Mr. Kramer returned to Washington, and Fusion agreed to give a hard copy of the dossier to Mr. McCain “on a confidential basis via Mr. Kramer,” according to the filing.
Mr. McCain then asked Mr. Steele, through Mr. Kramer, to provide any additional information on Russian interference in the election.
U.S. intelligence officially has concluded that Russia directed a hacking operation into Democratic Party email servers and orchestrated the release of stolen emails via WikiLeaks to help the Trump campaign.
Mr. McCain has confirmed publicly that he personally turned over the dossier to FBI Director James B. Comey. But at that time, the FBI already had obtained the dossier from other sources and had been using it to investigate the supposed Trump-Russia connection.
Afterward, Mr. Steele continued to receive “raw intelligence,” including the Gubarev accusations. He wrote the December memo after his work for Fusion had ended.
He provided that memo to British national security officials and to Fusion through an “enciphered email,” with instructions to provide a copy to Mr. McCain.
The court filing says Mr. Steele has worked with Fusion for “a number of years” and was hired in June to begin investigating Mr. Trump. It was in June when the Democratic National Committee disclosed publicly that it had been hacked and its cybersleuths singled out Russia as the likely culprit.
Mr. Steele does not mention another American contact he made: The New York Times reported that the FBI, during an October meeting in Rome, offered him $50,000 to continue investigating Mr. Trump. Presumedly, Mr. Steele would continue to investigate the president as a surrogate for the FBI. The deal, however, did not go through.

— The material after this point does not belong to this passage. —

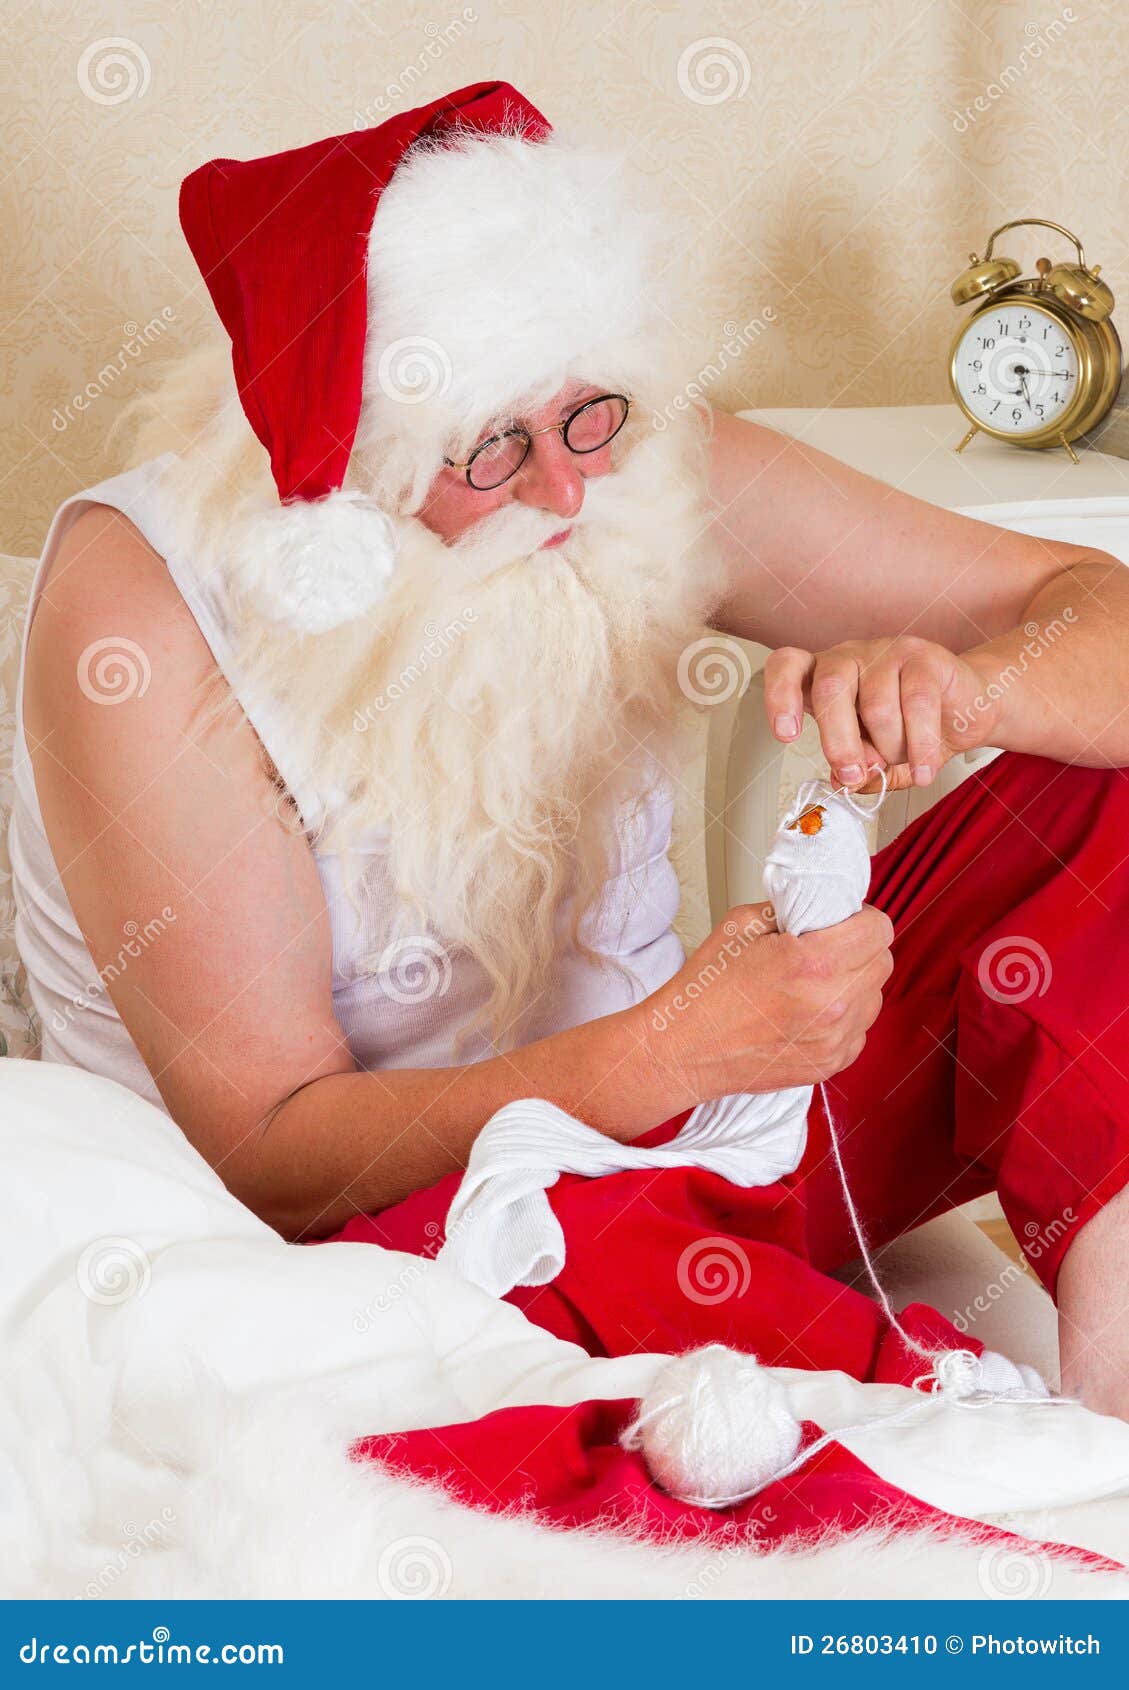 santa claus mending his socks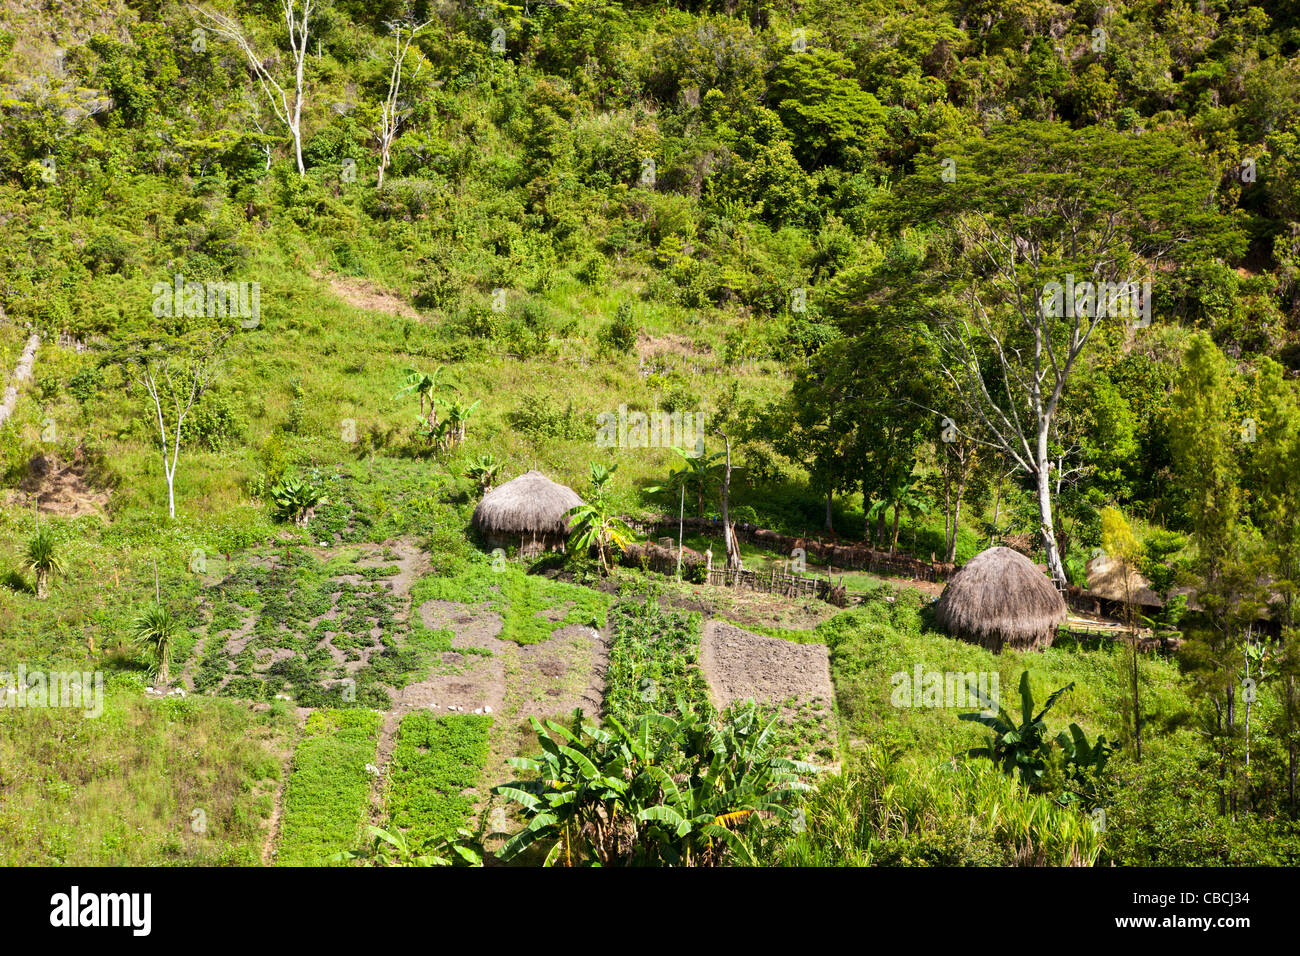 Traditionelles Dorf der Dani im Baliem-Tal, West-Papua, Indonesien Stockfoto

Some Republicans have questioned why the FBI would try to put a Democratic-paid opposition researcher on the payroll, especially one who produced a dossier that remains unproven. The Times said the FBI wanted Mr. Steele to provide more proof of his charges.
Mr. Gubarev also is suing BuzzFeed for libel in Florida, where XBT has an office and where his firm Webzilla is incorporated.
The lawsuit calls BuzzFeed’s posting “one of the most reckless and irresponsible moments in modern journalism.”